Quarter-Comma Meantone (Part 1)

Azimuth 2023-12-13

I’ve spent the last few weeks drawing pictures of tuning systems, since I realized this is a good way to show off their mathematical beauty. Now I’ll start deploying them!

I’ve already written about the first two hugely important tuning systems in Western music:

• Pythagorean tuning.

• Just intonation.

It’s time to introduce the third: ‘quarter-comma meantone’.

But first, remember the story so far!

Pythagorean tuning may go back to Mesopotamia, but it was widely discussed by Greek mathematicians—perhaps including Pythagoras, whose life is mainly the stuff of legends written down centuries later, but more certainly Eratosthenes, and definitely Ptolemy. It was widely used in western Europe in the middle ages, especially before 1300.

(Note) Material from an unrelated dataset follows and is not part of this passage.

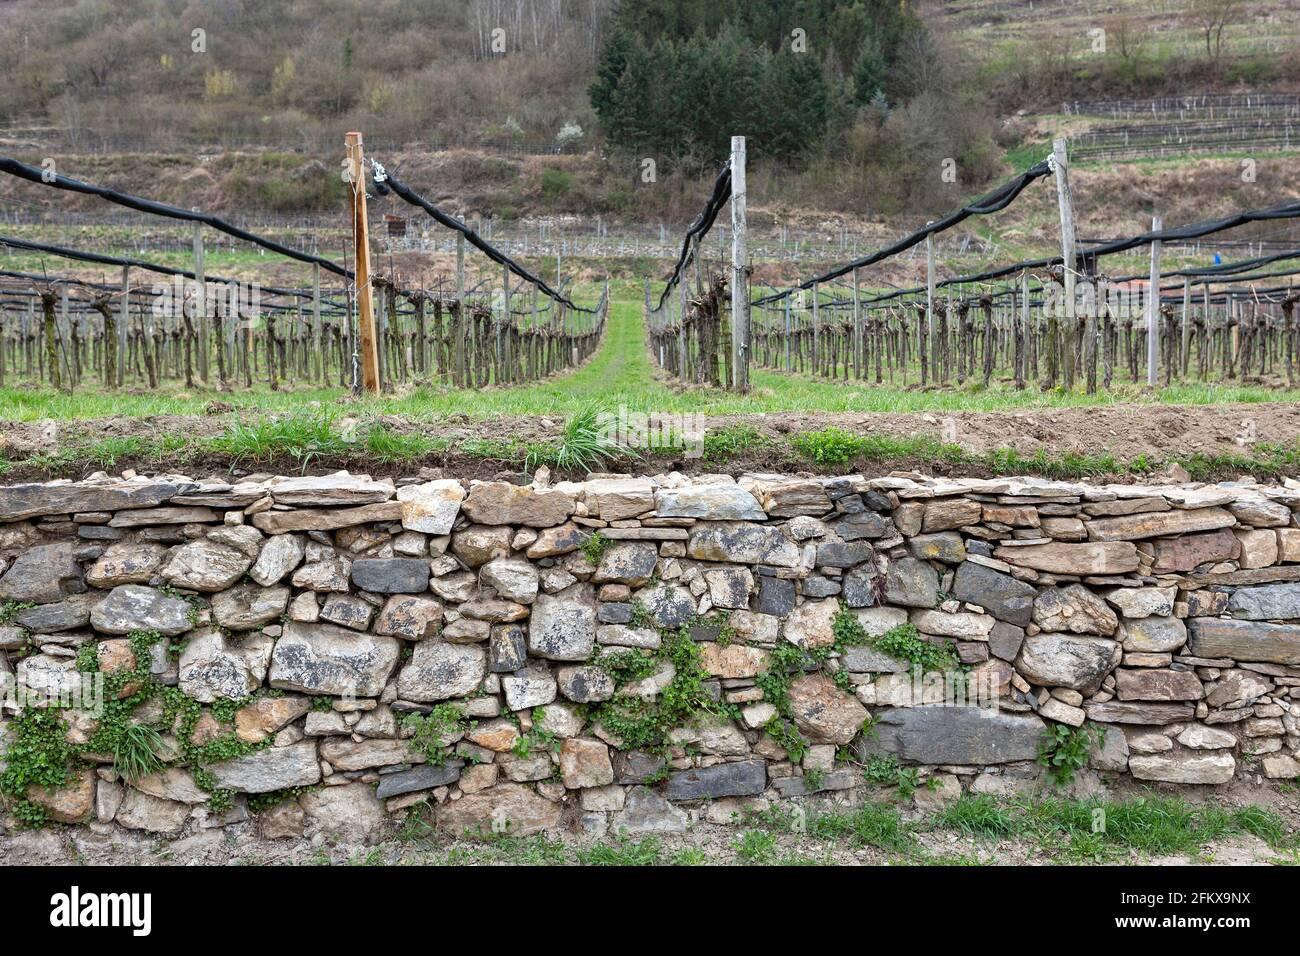 Dry Stone Wall In Der Wachau Lower Austria Stock Photo

The principle behind Pythagorean tuning is to start with some pitch and go up and down from there by ‘Pythagorean fifths’—repeatedly multiplying and dividing the frequency by 3/2—until you get two pitches that are almost 7 octaves apart. Here I’ll do it starting with C:

But there are some problems. The highest tone is a bit less than 7 octaves above the lowest tone! Their frequency ratio is called the Pythagorean comma. And we get a total of 13 tones, not 12.

To deal with these problems, we can simply omit one of these two tones and use only the other in our scale. There are two ways to do this, which are mirror images of each other:

Each breaks the symmetry of the scale. And each gives one fifth that’s noticeably smaller than the rest. It’s called a ‘wolf fifth’—because it’s so out of tune it howls like a wolf!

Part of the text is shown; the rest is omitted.